Recorded data:

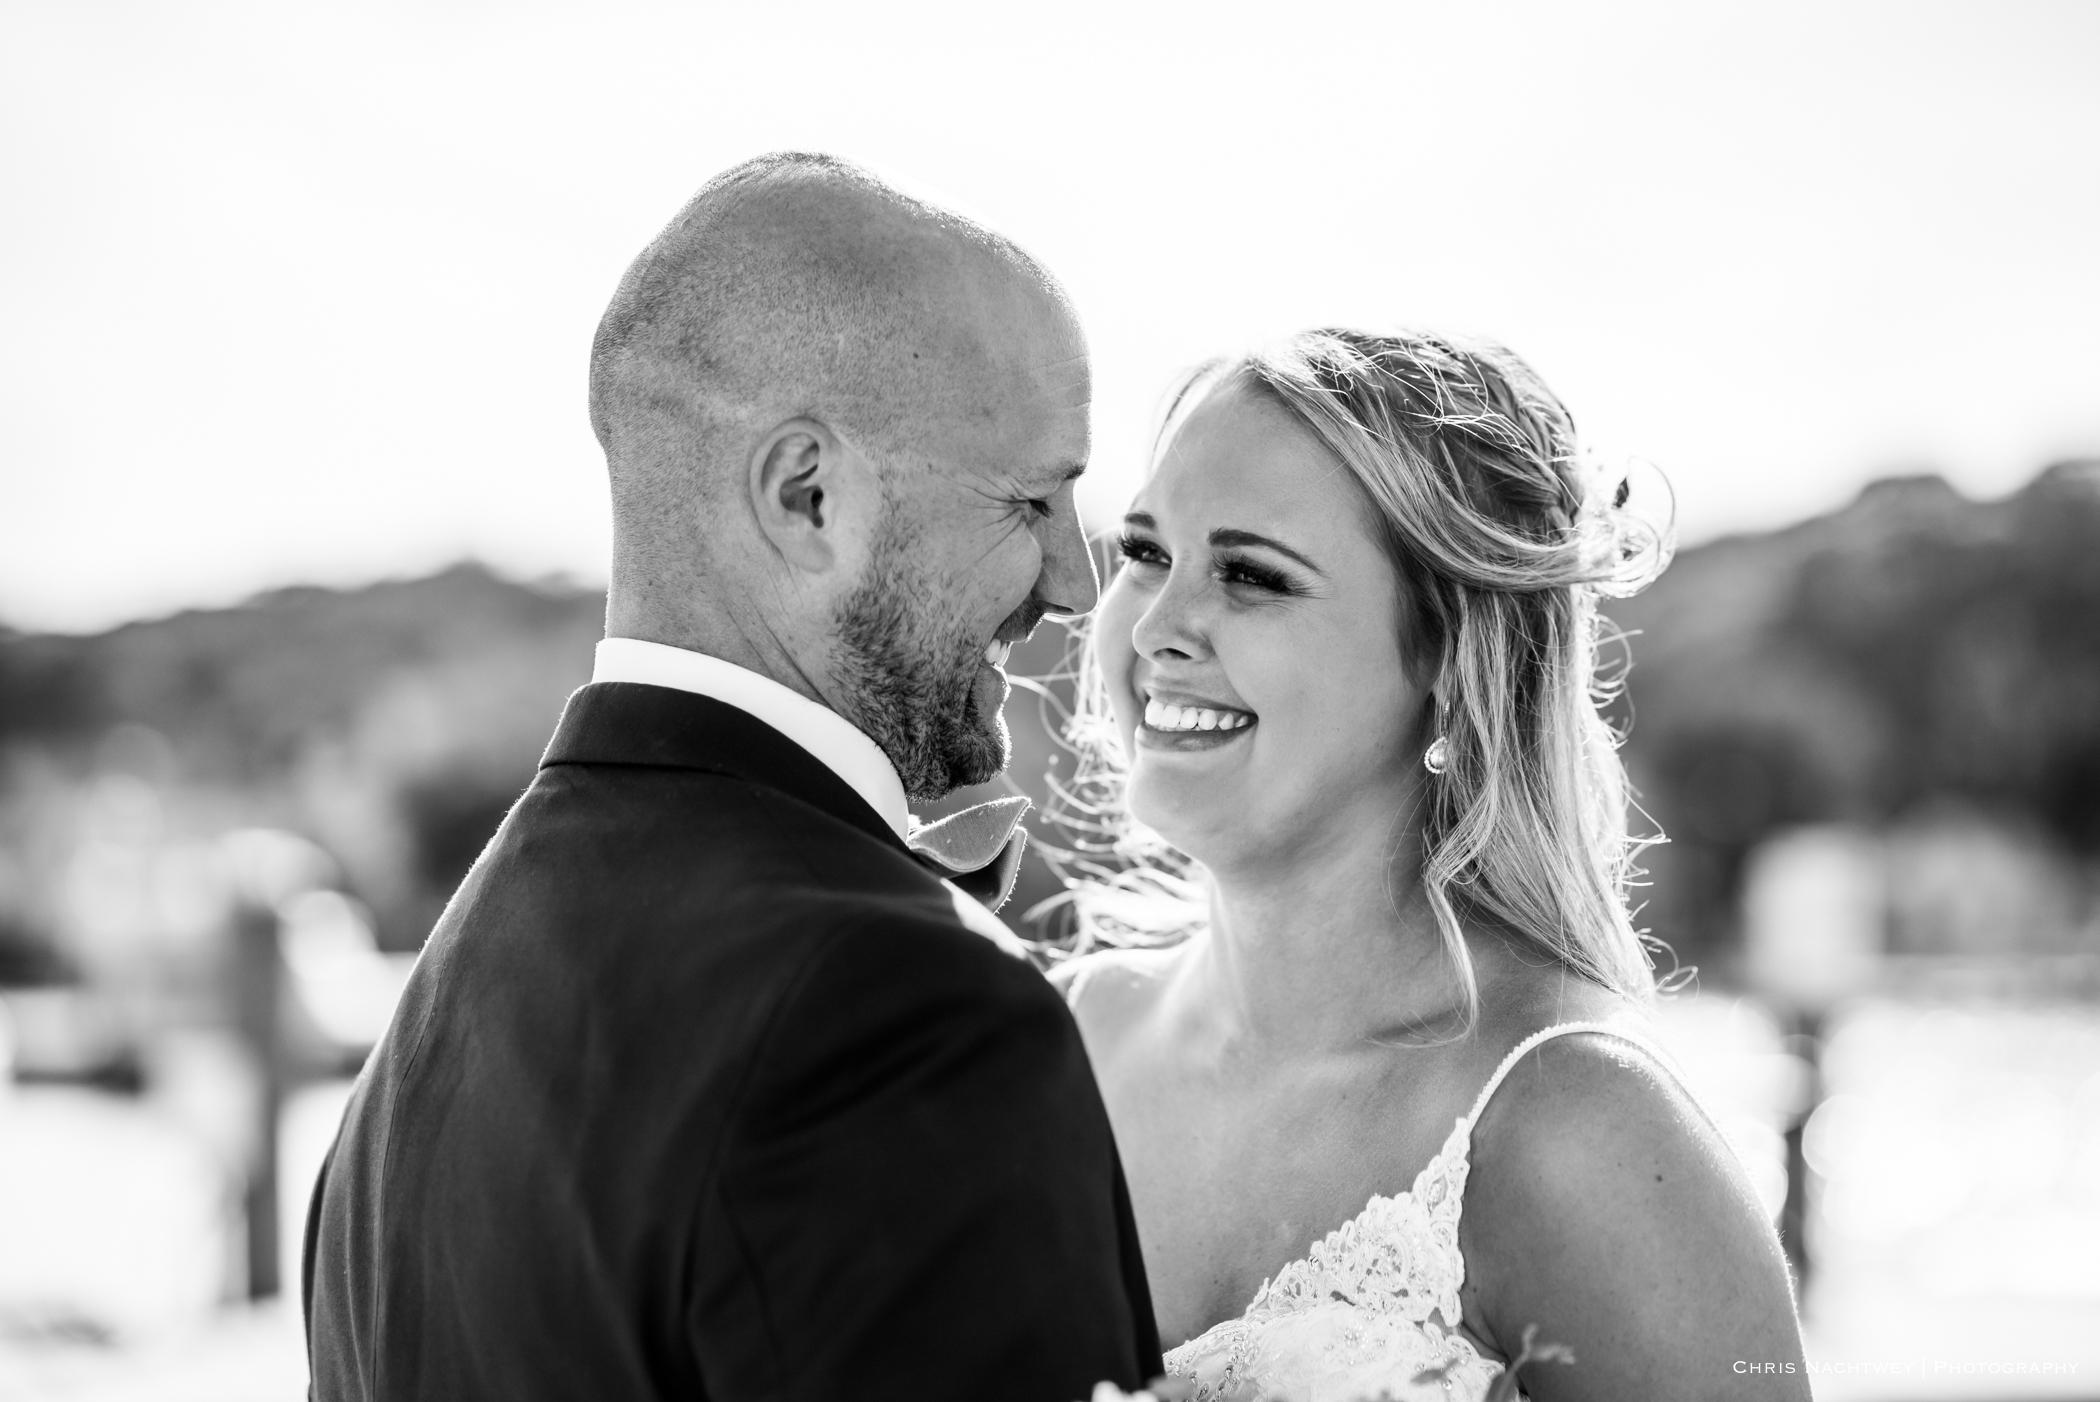 mystic-ct-artistic-wedding-photographers-chris-nachtwey-tany-mike-2017-17.jpg
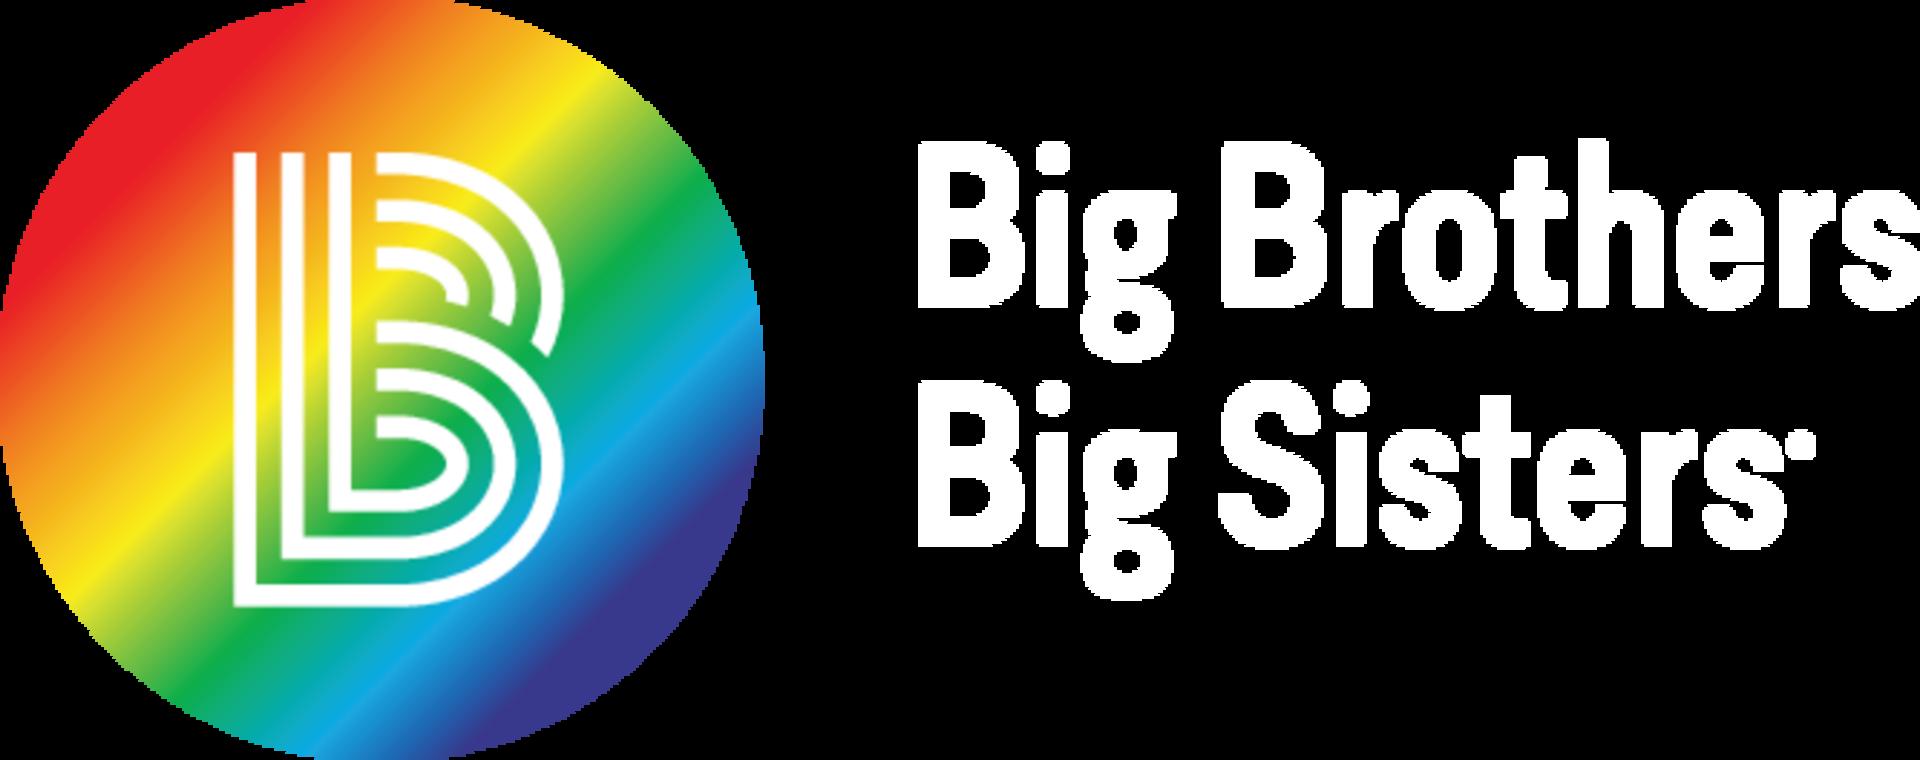 BBBS_LGBTQI_Logo_White_RGB-8000x3172-4b737db
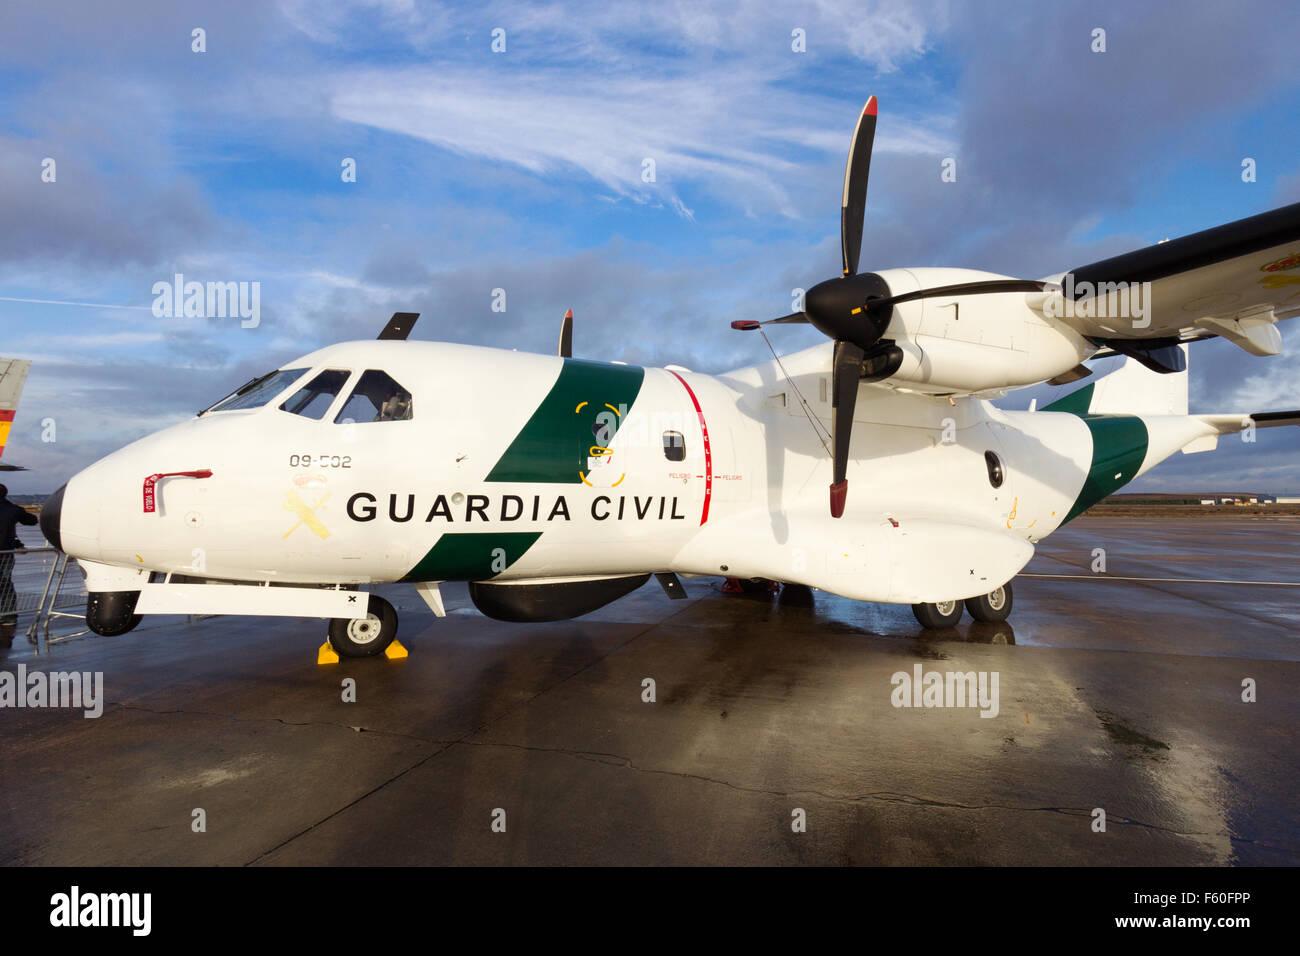 Spanish Guardia Civil Casa CN-235 patrol aircraft. Stock Photo
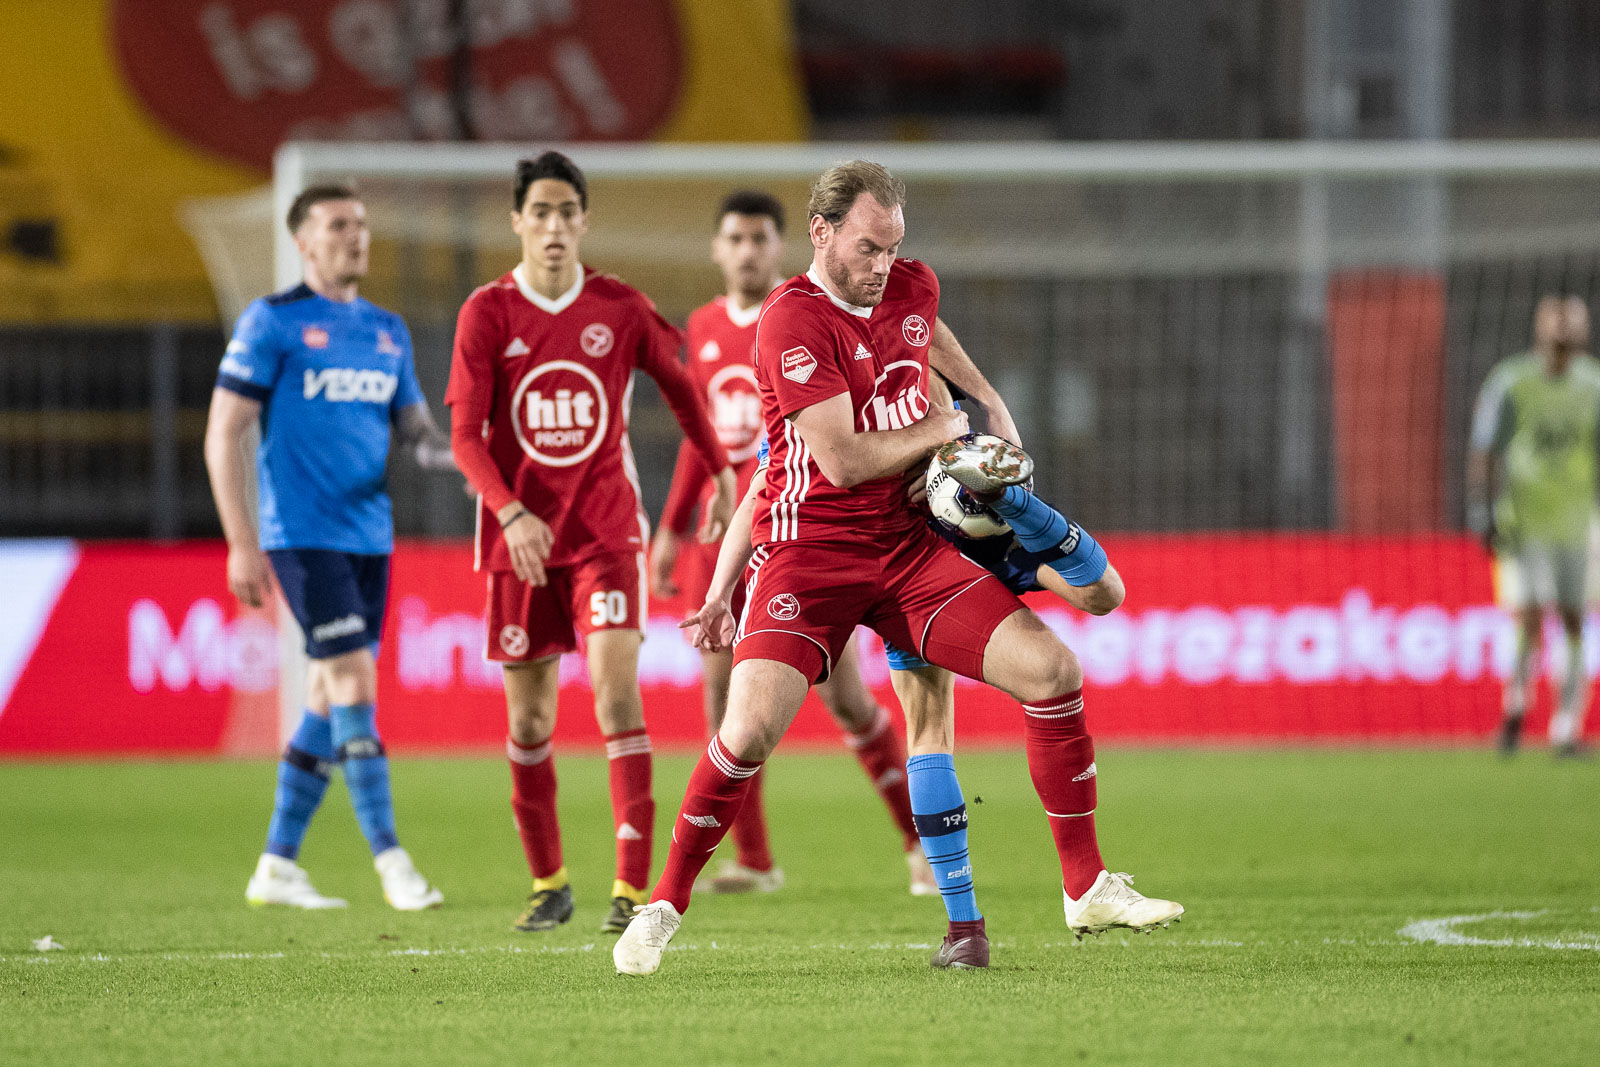 Vossebelt: 'Vol vertrouwen en topfit play-offs in'
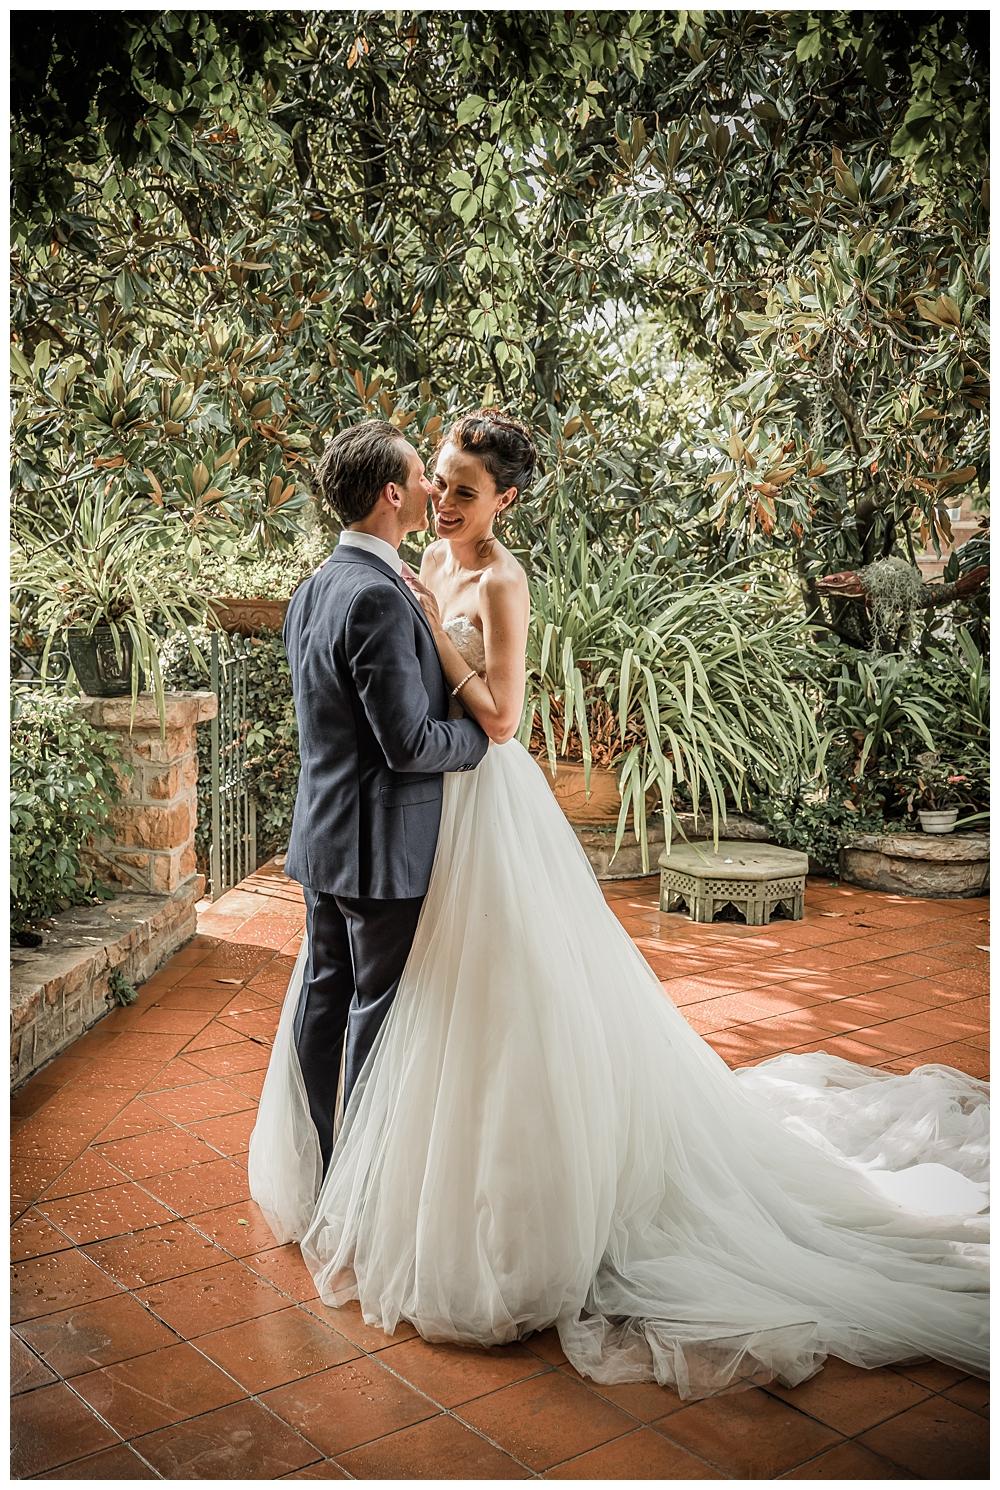 Best_Wedding_Photographer_AlexanderSmith_1286.jpg

[Task]: Please give a word-for-word transcript of the lines from the one holding "Vossebelt: 'Vol vertrouwen" through the final line of the entries, both ends kept, with no pictures.

[Answer to the exercise]:
 Vossebelt: 'Vol vertrouwen en topfit play-offs in'
 Best_Wedding_Photographer_AlexanderSmith_1286.jpg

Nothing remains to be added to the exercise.